There was a
time when inmates were considered to be little more than subhuman slaves of the
state by the criminal justice system. Judges once maintained that prisoners had
no rights and thus could not do anything to impede their punishment, no matter
how cruel and life threatening. The courts maintained that prisoners had given
up these rights when they committed the crimes that put them in jail.
However,
things have changed a lot in the United States since the 19th century. During
the 20th century, laws were put in place to ban cruel and unusual punishment of
prisoners in the U.S.
Changes in Prisoner Rights during the 1960s
The Civil
Rights Act of 1871 was used to champion the cause of prisoners’ rights in the
1960s. The act was originally written to enforce civil liability on those who
deprive others of their constitutional rights. In 1961, the United States
Supreme Court would rule that these liabilities applied to state officials in
federal courts during the Monroe v. Pape case. The ruling also had the capacity
to be used in cases of prisoners’ rights.
A Supreme
Court case in 1962, Robinson v. California, asserted that the Eighth Amendment of
the Constitution applied to cruel and unusual punishment of prisoners of the
state. Our courts still hold that prisoners have fewer rights than other
citizens, however, and some say the tide may be turning toward a more hands-off
approach, similar to that of the 19th century.

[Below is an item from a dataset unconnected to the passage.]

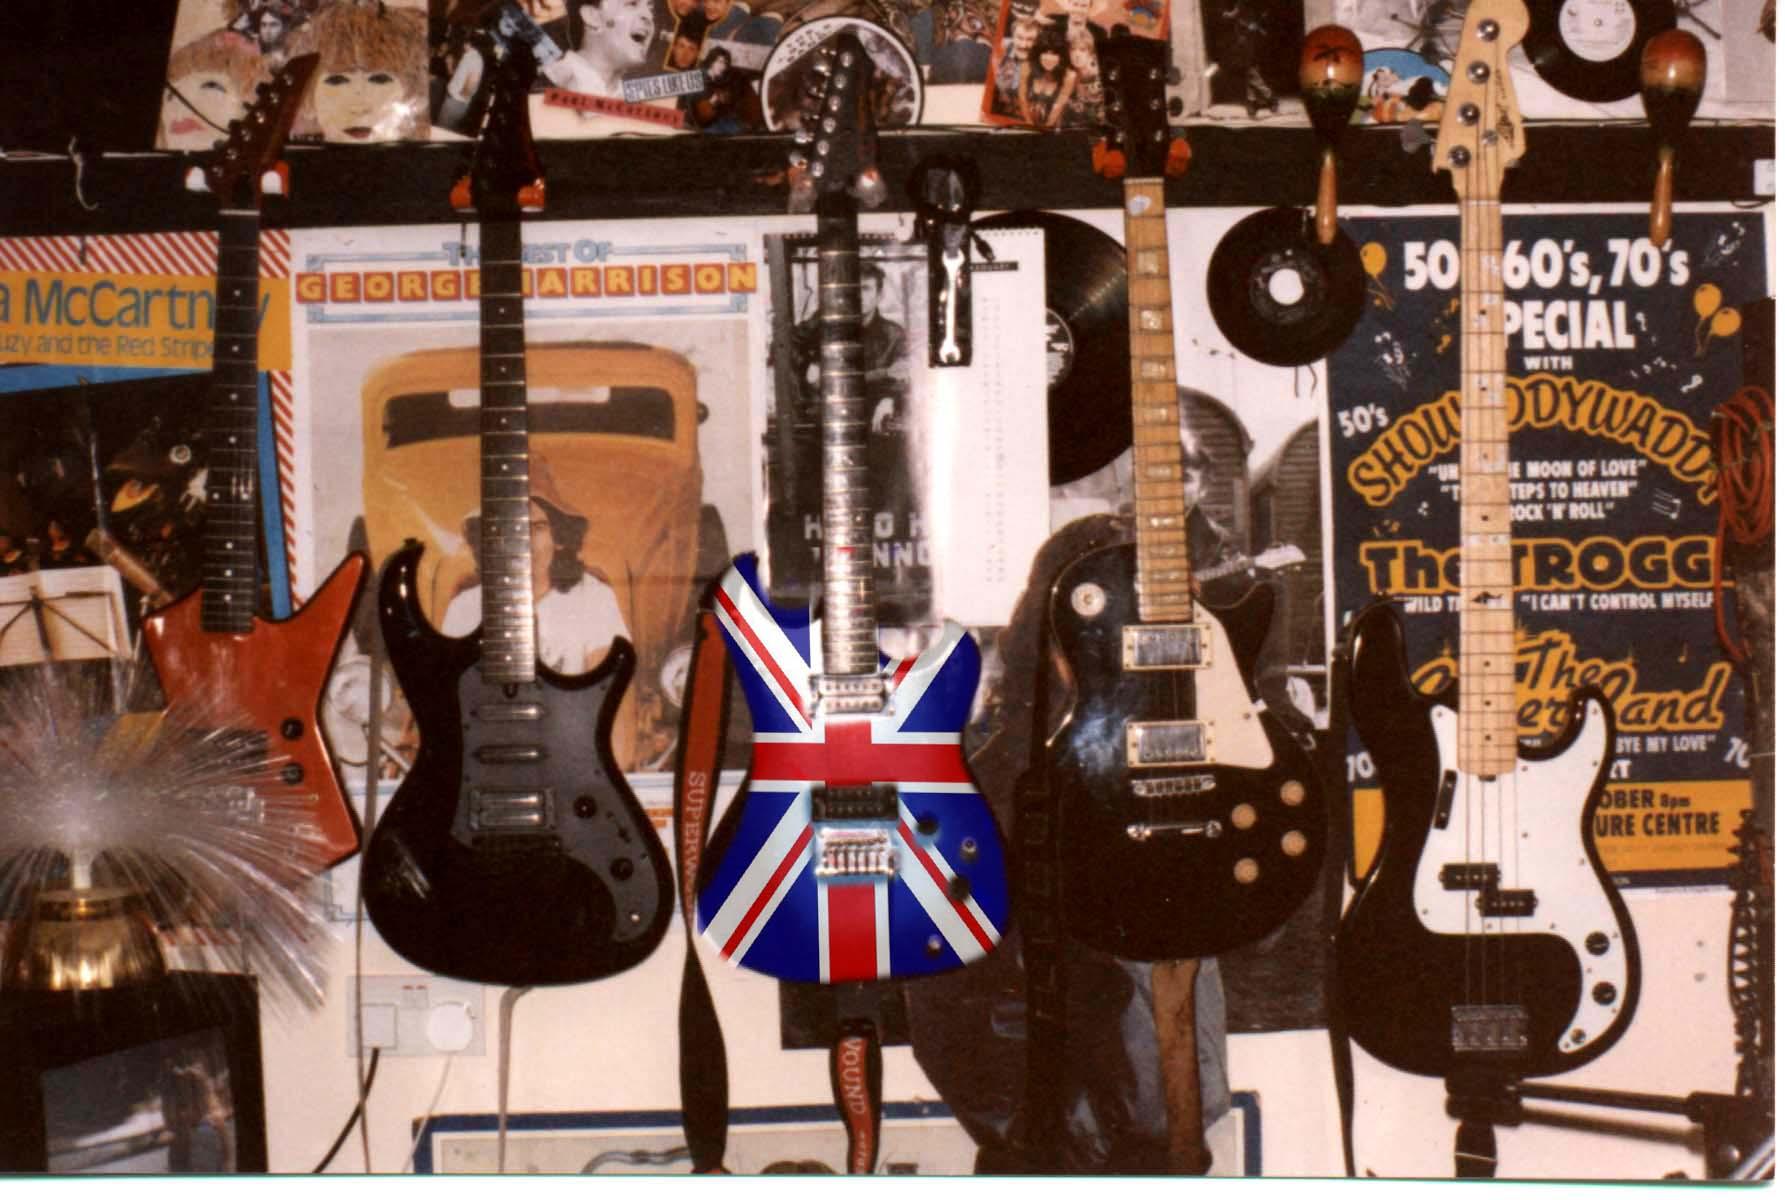 File:Badgreeb fattkatt old guitars, soon to be , union jack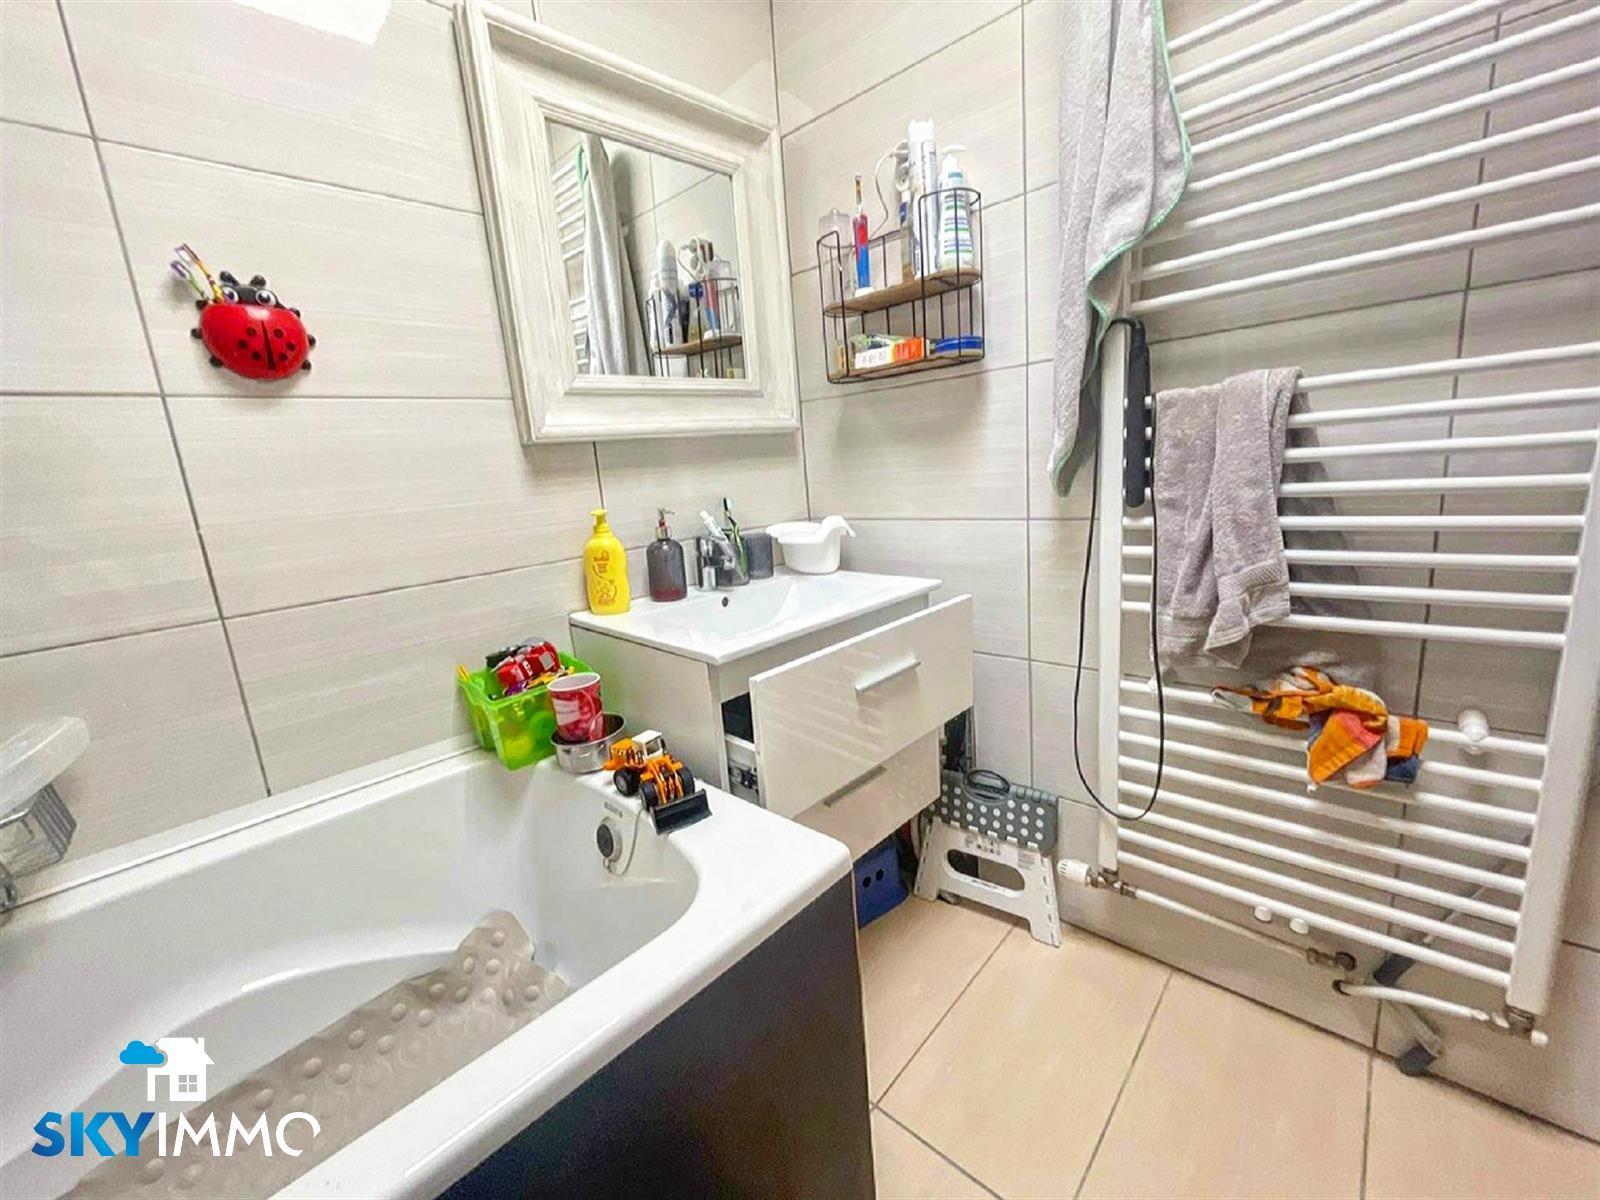 Maison - Seraing Jemeppesur-Meuse - #4343977-9

The State of the Eighth Amendment
Who knows
what the current face of prisoner rights in the United States would look like
if it weren’t for the Eight Amendment? This amendment specifically prohibits
cruel and unusual punishment. Such punishment could come in the form of
inhumane living conditions, insufficient medical care, failure to protect from
attacks, the use of force or deliberate indifference to pain, suffering and
threats to medical health.
There are
still many grey areas when it comes to the Eighth Amendment and prisoners’
rights, though. While many prisoners’ rights advocates argued that overcrowding
was a form of cruel and unusual punishment, the court decided in the case of
Bell v. Wolfish in 1979 that double cells were not unconstitutional. In other
cases, prisoners have sued over use of force and lost, depending on the
seriousness of their injuries. We still uphold the general rights of prisoners,
however, as part of being a civilized nation.